Product Used: LALA® CREMA MEXICANA

  • DIFFICULTY : Medium
  • PREP TIME: 30 Minutes
  • COOK TIME: 8-10 Hours
  • SERVES: 4

Ingredients

Birria

  • 3 lb chuck roast roughly cubed
  • 1 tsp salt
  • 1 tbsp olive oil
  • 1 tbsp white vinegar can use apple cider vinegar
  • 4 bay leaves
  • 1 cup water

Sauce

  • 4 ancho chiles
  • 5 guajillo chiles
  • 2 arbol chiles
  • 3 garlic cloves
  • 1 onion cut in half
  • 3 tomatoes cut in half
  • 1 tbsp olive oil
  • 1 tsp cumin seeds
  • 4 whole cloves
  • 10 peppercorns
  • ½ cinnamon stick
  • 1 tsp oregano
  • 1 tsp marjoram
  • 3 tsp salt
  • 2 cups water

Instructions

Sauce

  • Remove all seeds and veins from chiles (peppers).
  • Add peppers and 2 cups of water to saucepan and bring to boil.
  • On medium heat place a medium skillet with olive oil and add onion, tomatoes, and garlic cloves.

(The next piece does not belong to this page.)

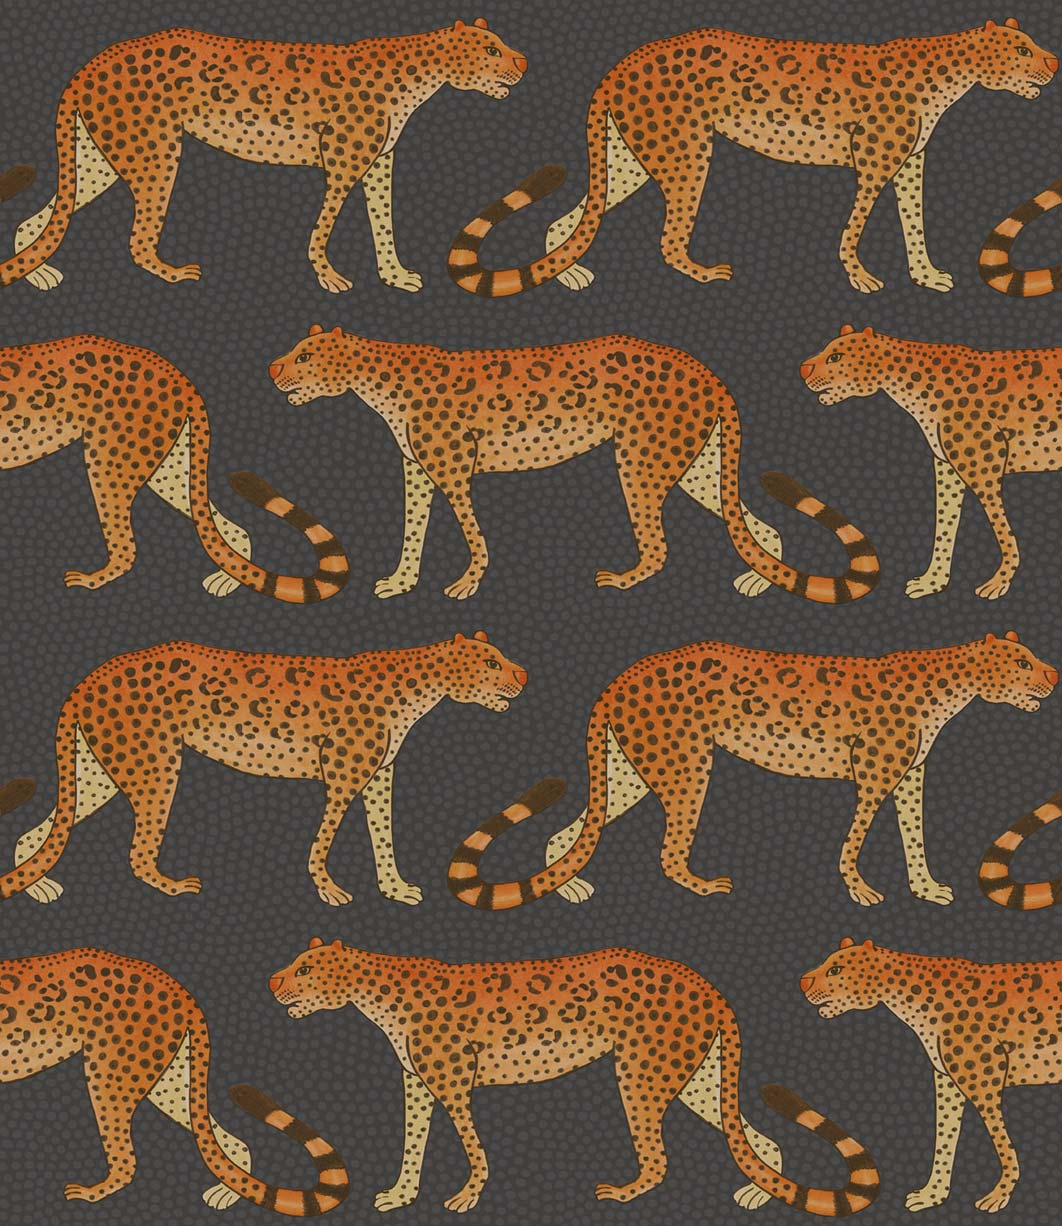 Leopard Walk Cole Son Lampshade In Jet Black

Cook until tomatoes and onion are soft, about 10 minutes. Set aside.
  • Use a new skillet and place over medium heat. Add cumin seeds, whole cloves, peppercorns, and cinnamon stick. Toast until aromatic, about 5-7 minutes.
  • Using small blender, grind toasted spices except cinnamon.
  • Add chiles, tomato mixture, ground spices, cinnamon, oregano, marjoram, water, and salt to a blender. Blend until smooth (about 5 minutes).
  • Strain sauce with fine strainer.

Birria (Slow Cooker)

  • In a large dutch oven or skillet over medium heat add olive oil
  • Once oil is hot, add beef and sear each side until just browned.
  • Add beef, sauce, water, vinegar, and bay leaves to slow cooker. Cover and cook on high for 4-5 hours, or low 8-10 hours. The meat becomes more tender the longer you leave in the crockpot but will be thoroughly cooked and tender at the lesser times.